The buffer is useful when you need to buffer updates on the source
cluster before starting cdcr, if the source cluster might receive
updates in the meanwhile and you want to be sure to not miss them.
To understand this better, you need to understand how cdcr clean
transaction logs. Cdcr when started (with the START action) will
instantiate a log reader for each target cluster. The position of the
log reader will indicate cdcr which transaction logs it can clean. If
all the log readers are beyond a certain point, then cdcr can clean all
the transaction logs up to this point.
However, there might be cases when the source cluster will be up without
any log readers instantiated:
1) The source cluster is started, but cdcr is not started yet
2) the source cluster is started, cdcr is started, but the target
cluster was not accessible when cdcr was started. In this case, cdcr
will not be able to instantiate a log reader for this cluster.
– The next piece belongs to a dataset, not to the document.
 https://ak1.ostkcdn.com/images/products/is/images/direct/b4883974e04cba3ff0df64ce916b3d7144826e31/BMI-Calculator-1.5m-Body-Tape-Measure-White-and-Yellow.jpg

In these two scenarios, if updates are received by the source cluster,
then they might be cleaned out from the transaction log as per the
normal update log cleaning procedure.
That is where the buffer becomes useful. When you know that while
starting up your clusters and cdcr, you will be in one of these two
scenarios, then you can activate the buffer to be sure to not miss
updates. Then when the source and target clusters are properly up and
cdcr replication is properly started, you can turn off this buffer.
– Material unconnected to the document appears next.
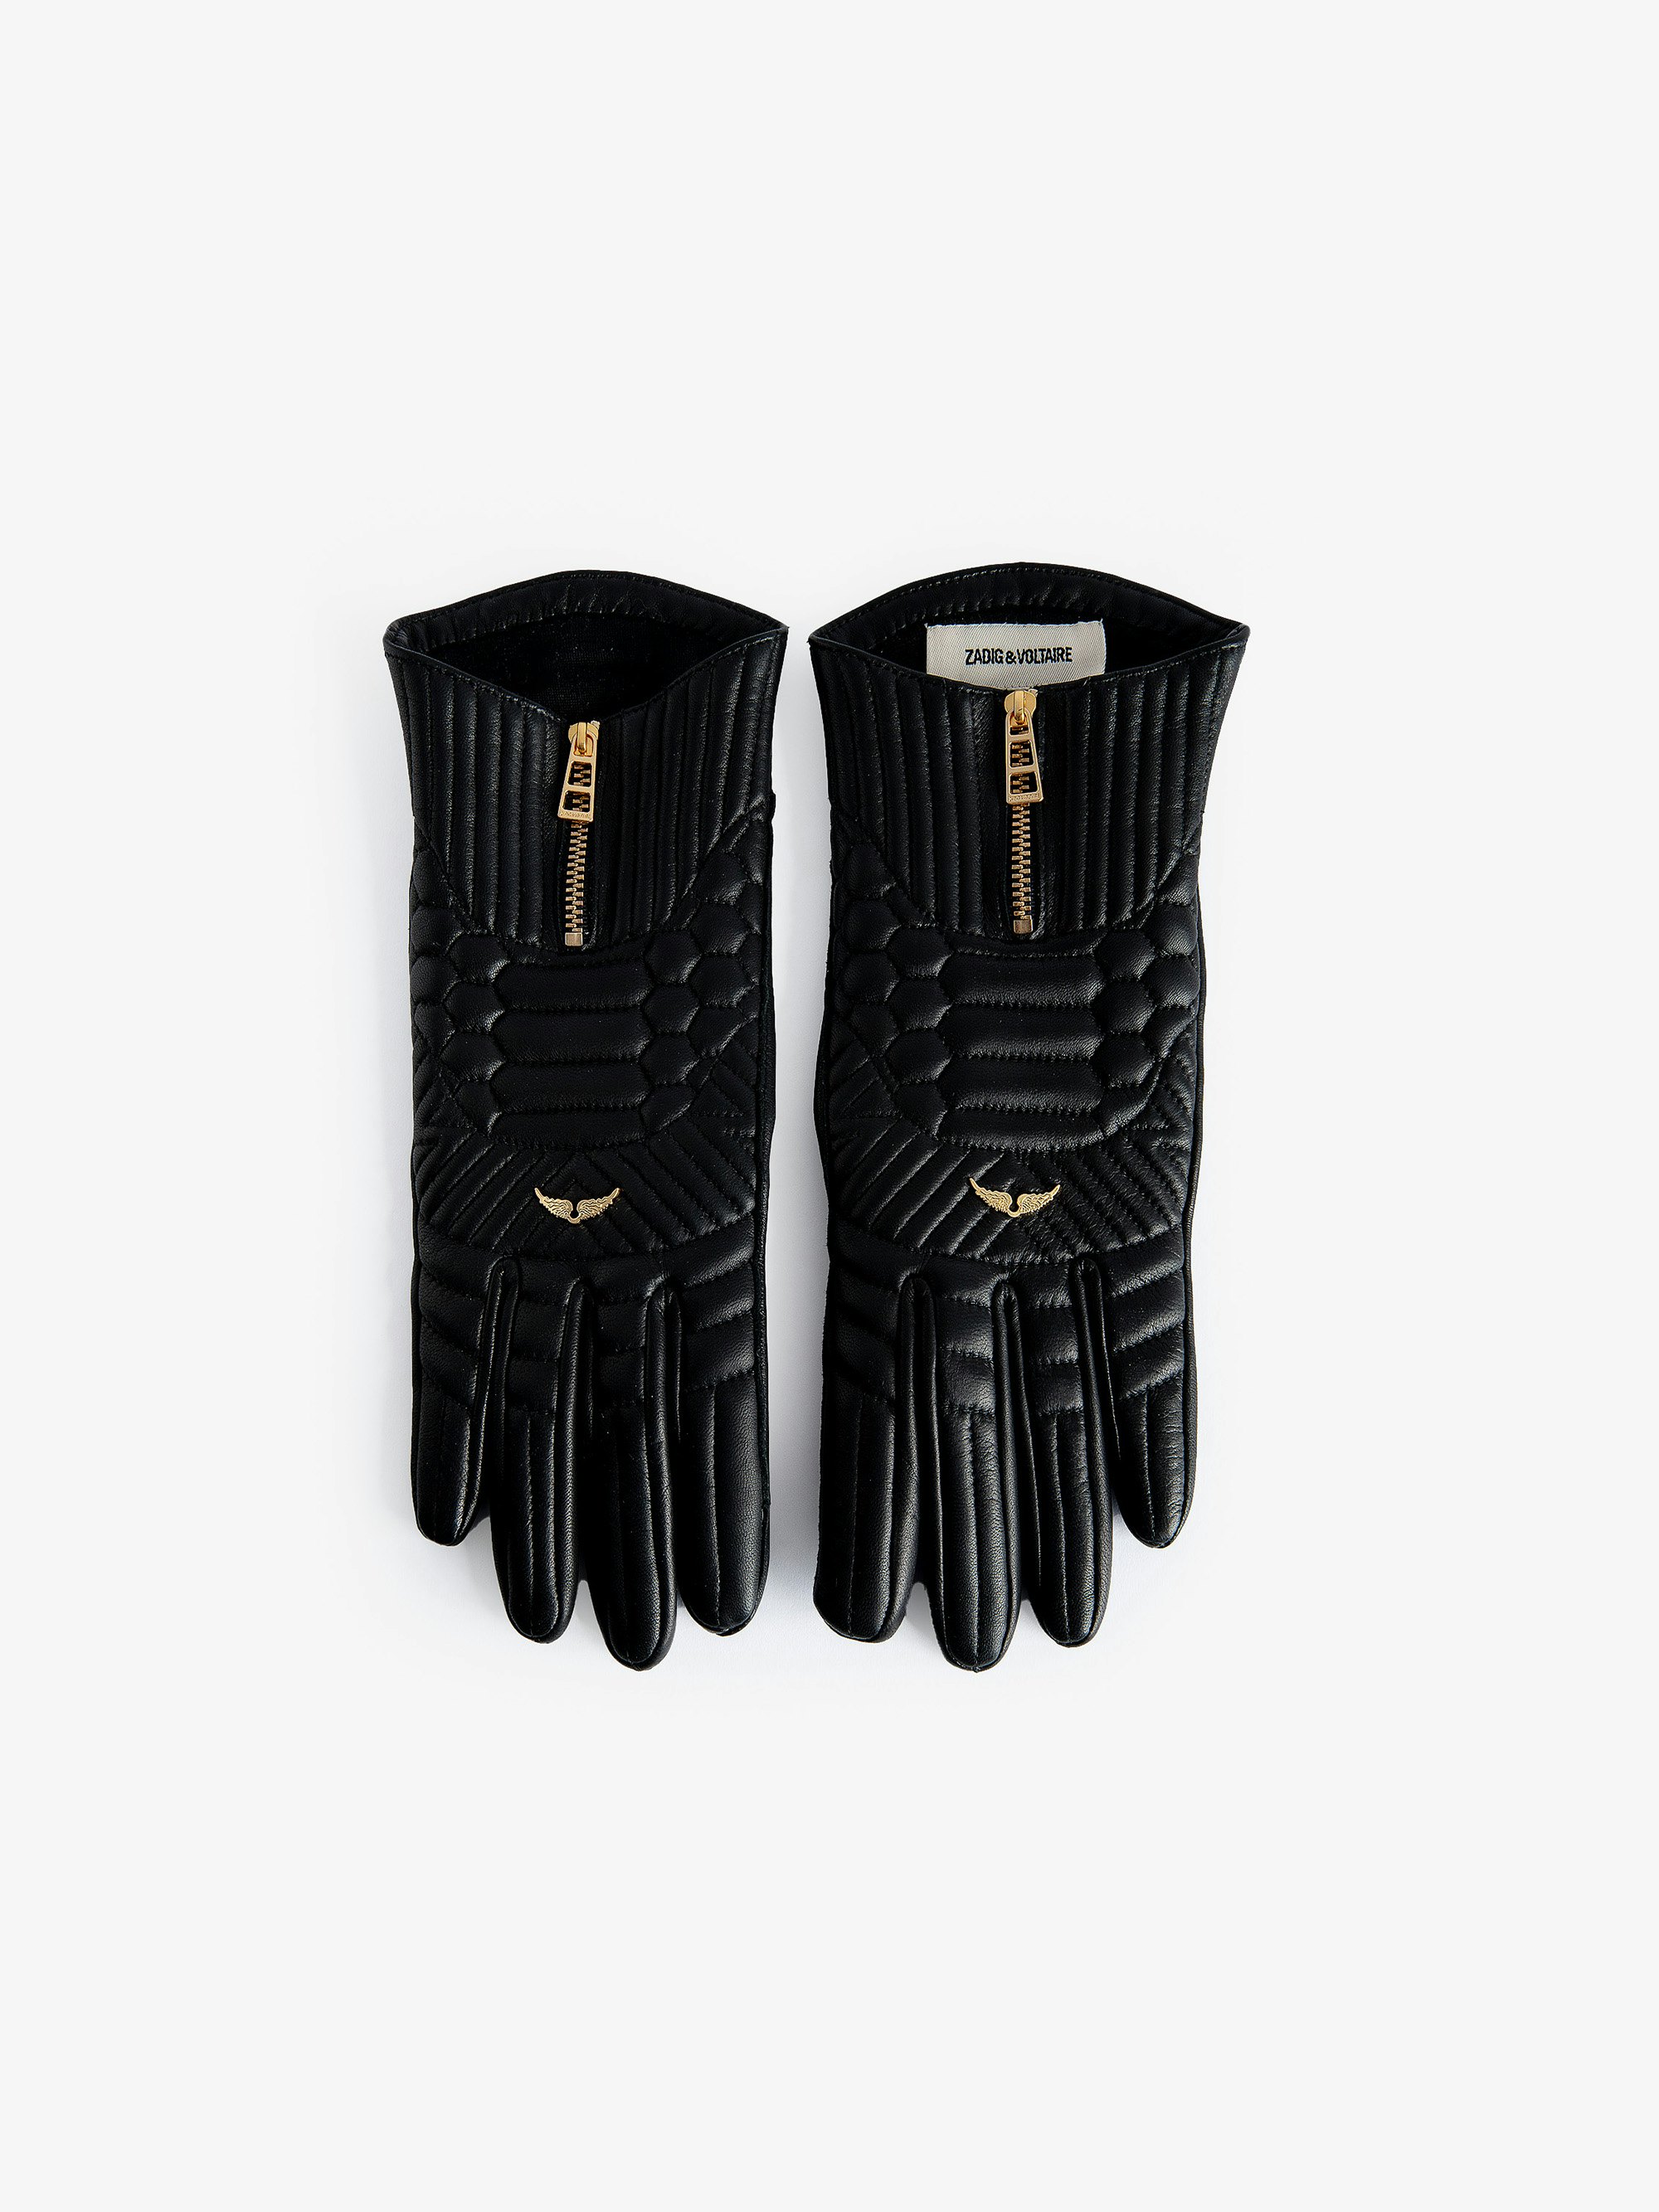 Out of Hands Gloves - Voltaire Vice black smooth and quilted leather gloves with zip fastening and wings charm.

On 14/06/16 06:41, Bharath Kumar wrote:
I have setup cross data center replication using solr 6, i want to know why
the buffer needs to be enabled on the source cluster? Even if the buffer is
not enabled, i am able to replicate the data between source and target
sites. What is the advantages of enabling the buffer on the source site? If
i enable the buffer, the transaction logs are never deleted and over a
period of time we are running out of disk. Can you please let me know why
the buffer enabling is required?